Waiting list grows as sexual assault centre awaits promised funding
Unprecedented backlog of survivors needing support as province puts off funding decision
The demand for counselling services at Niagara Sexual Assault Centre has reached unprecedented numbers, with more than 200 people on the wait list, and staff don’t know when relief will come.
Last March, the centre — it serves all of Niagara through its 24-hour crisis line, as well as its downtown St. Catharines office and outreach sites in Niagara Falls, Port Colborne, Welland and Fort Erie — was promised about $92,000 by the former Liberal government, which would help to cut down some of its growing wait list. It was part of a promised 33 per cent bump in funding for rape crisis centres across the province. However, that promised funding was put on hold when Doug Ford’s Progressive Conservative party was elected to form government.
Centres across the province were told they would be updated about the funding bump in September.
“September has come and gone and we’re still waiting to hear,” said Cheri Huys, volunteer coordinator with the centre.
The community, she said, is going through a very difficult time.
“There’s lots going on. There’s all the #MeToo stuff, there are some local cases going on here, too, and that really causes triggers for a lot of people,” she said, referencing high-profile local cases such as historic sexual assault allegations against businessman Jeff Cairns and a recent string of arrests related to a case in Port Colborne.
Huys said the organization has had numerous calls from women, and men, in Niagara who said they’ve had similar experiences, and while in some cases they may have sought help at the time, seeing it in the news and hearing about it in the community is triggering and makes things difficult again.
“As more and more cases, locally and nationally, come forward, individuals are directly impacted by that. We’ve seen our wait list grow exponentially,” she said. “Our wait list right now is much more than it was last year and more than the year before that. We’ve reached numbers we’ve never seen before for people waiting for services.”
Just a few years ago, if the centre’s list hit 50 people awaiting counselling, staff would go into panic mode. Now, there are more than 200 people facing a wait time of up to one year for services and Huys said without this promised funding, she doesn’t expect
things to change.
“We were very happy to hear about the ($92,000) funding because we thought we could hire another therapist, or possibly two therapists. That would definitely help with our huge wait list,” she said. “Now, we’re still waiting, none of us have any prediction about what this will look like for us. The region is in a crisis with this — we have a wait list that we’ve never seen before.”

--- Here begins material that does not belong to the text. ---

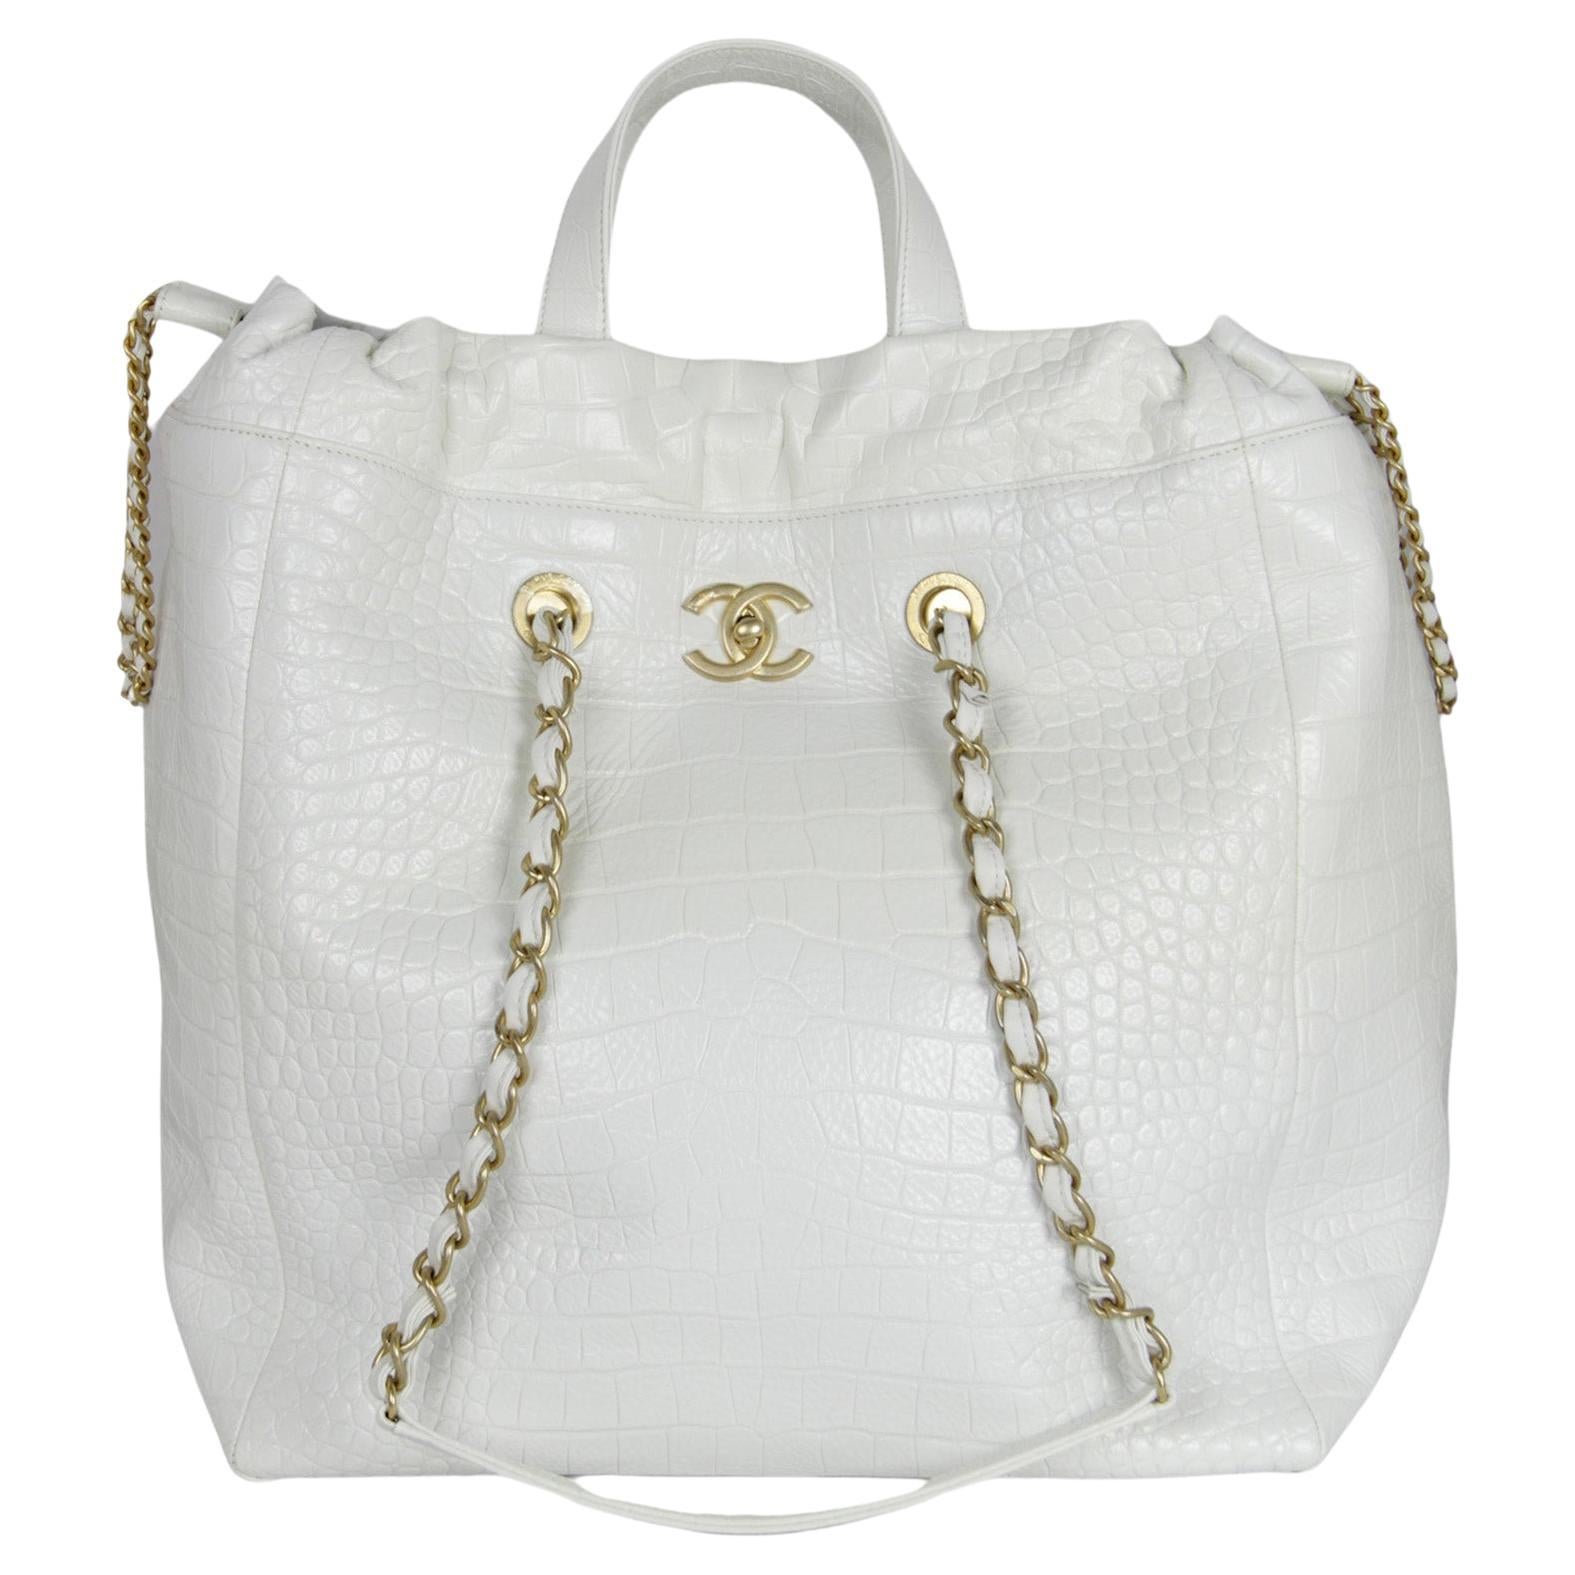 Chanel Paris-New York grand sac fourre-tout Coco en crocodile embossé blanc

The centre has an equivalent of two part-time and one full-time therapists to provide services at the downtown centre, as well as its outreach sites.
In the past, the outreach sites may have had a wait list of one, two or three people waiting. Those have grown, too, and now one site has 30 people waiting.

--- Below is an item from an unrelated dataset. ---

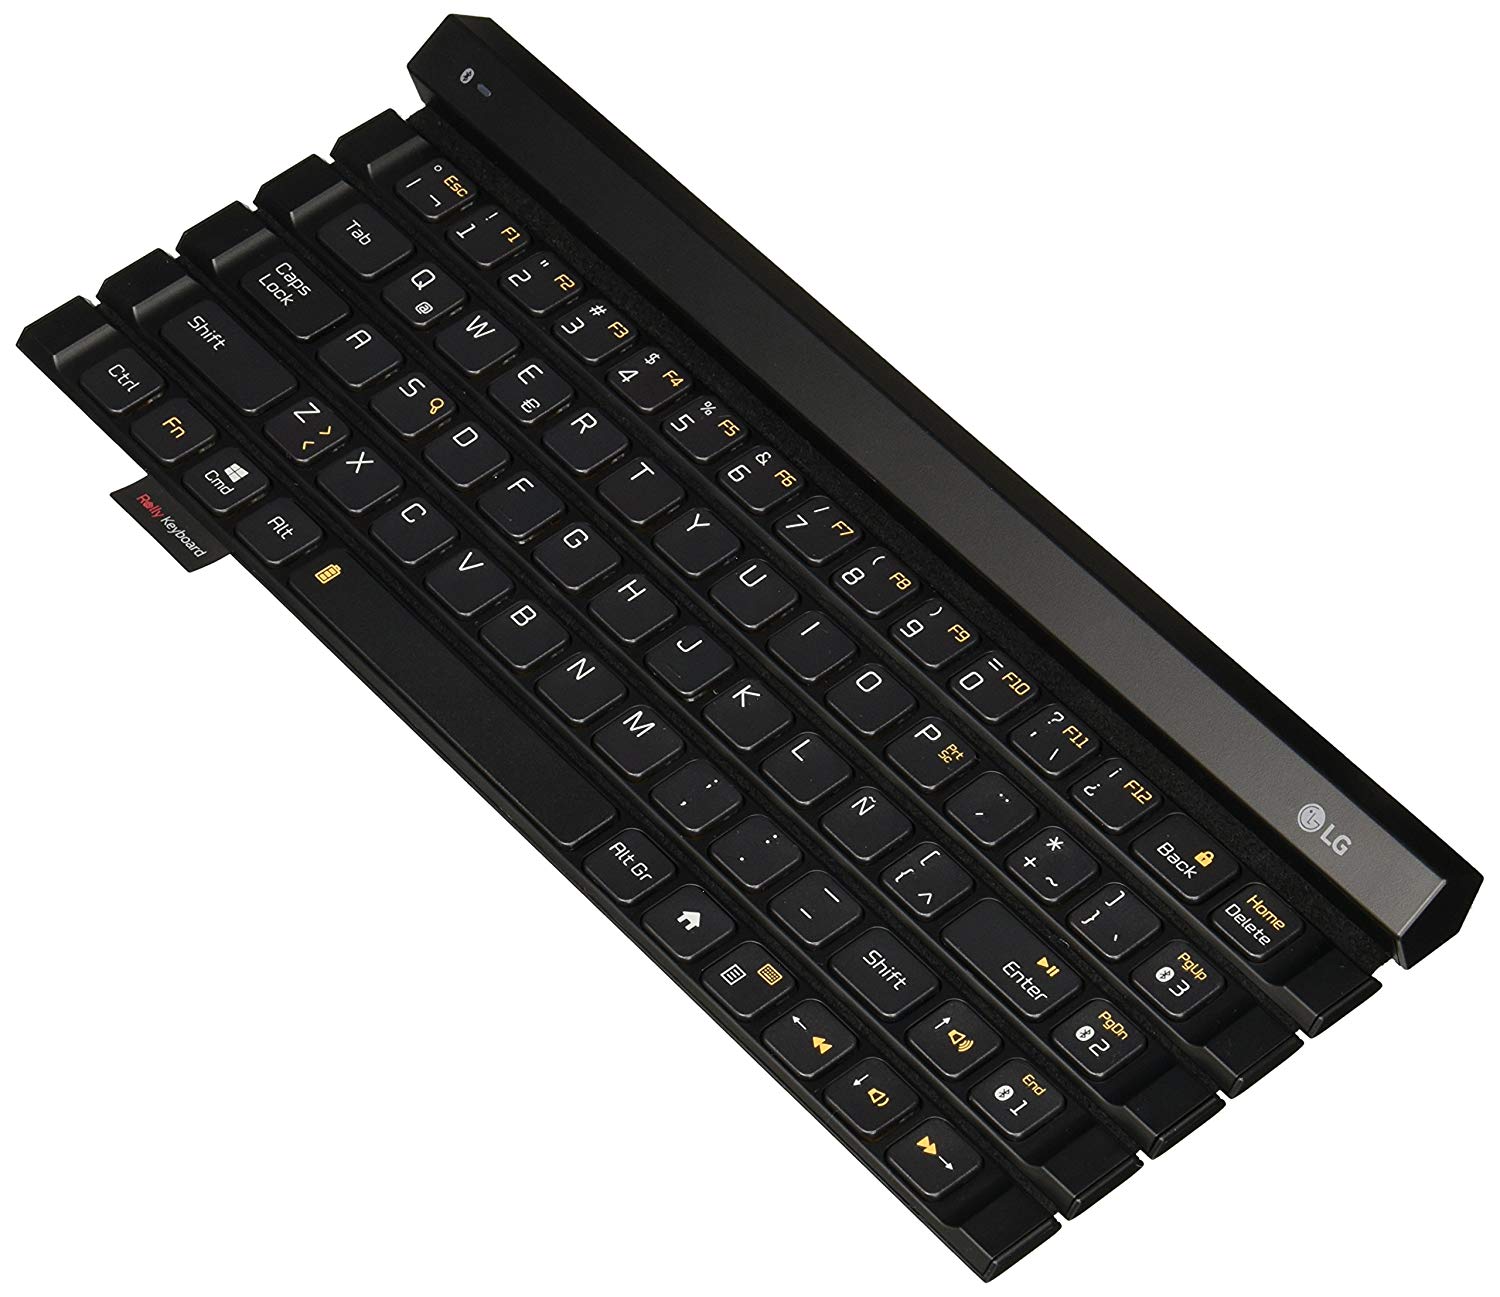 LG V40 keyboard accessory

“We can’t keep up,” Huys said.
“We need more funding. We need the ability to hire more therapists so we can address people. When people call on the phone, they need help now.”
For people needing counselling, the options while they wait are limited. There is the 24-hour crisis line, but Huys is quick to point out that’s not counselling and it doesn’t help the survivors of sexual abuse and sexual violence do the trauma work they need to do.
“These people need therapy,” she said. The other option is private therapy, but that can be costly and is not feasible — financially — for everyone.
Two years ago, the average time spent on a wait list ranged from four to six months. Now, it’s 12 to 13 months.
“This funding would impact the wait list significantly. It’s difficult because we’re talking about, on average, about 30 requests a month we’re receiving
for services. That’s 30 individual people wanting or needing therapy,” Huys said.
On the wait list, approximately 25 per cent of the people waiting for counselling are in their 50s and 60s. It’s a figure that is staggering for St. Catharines MPP Jennie Stevens.
“It’s heartbreaking. Absolutely, heart-wrenching when you sit down and think about,” she said.
Stevens met with representatives from the Niagara Sexual Assault Centre and plans on bringing their concerns forward at Queen’s Park, she said.
Fellow NDP MPP Suze Morrison, who represents Toronto Centre, brought up the promised funding increase in October, reiterating the need for the increase promised by the Liberals.
Morrison spoke up in question period shortly after news broke that the new government would be disbanding an expert roundtable focused on ending violence
against women.
“Whether it’s a roundtable of experts or the promised funding, this is an important issue and it needs to be addressed,” said Stevens. “We need to do everything we can to end violence against women, to end sexual violence and to help those who have experienced it.”
Huys said the centre has also reached out to Niagara’s only PC MPP, Sam Oosterhoff, who represents Niagara West riding. They’d like to sit down to talk about the need for funding.
“This centre is one of its kind, the only one in Niagara that offers this kind of trauma therapy for free. The demand is great,” she said. “We provide very specialized trauma therapy for sexual abuse, incest and for sexual assault survivors as well. We need help.”
Calls to Oosterhoff’s office were not returned by press deadline.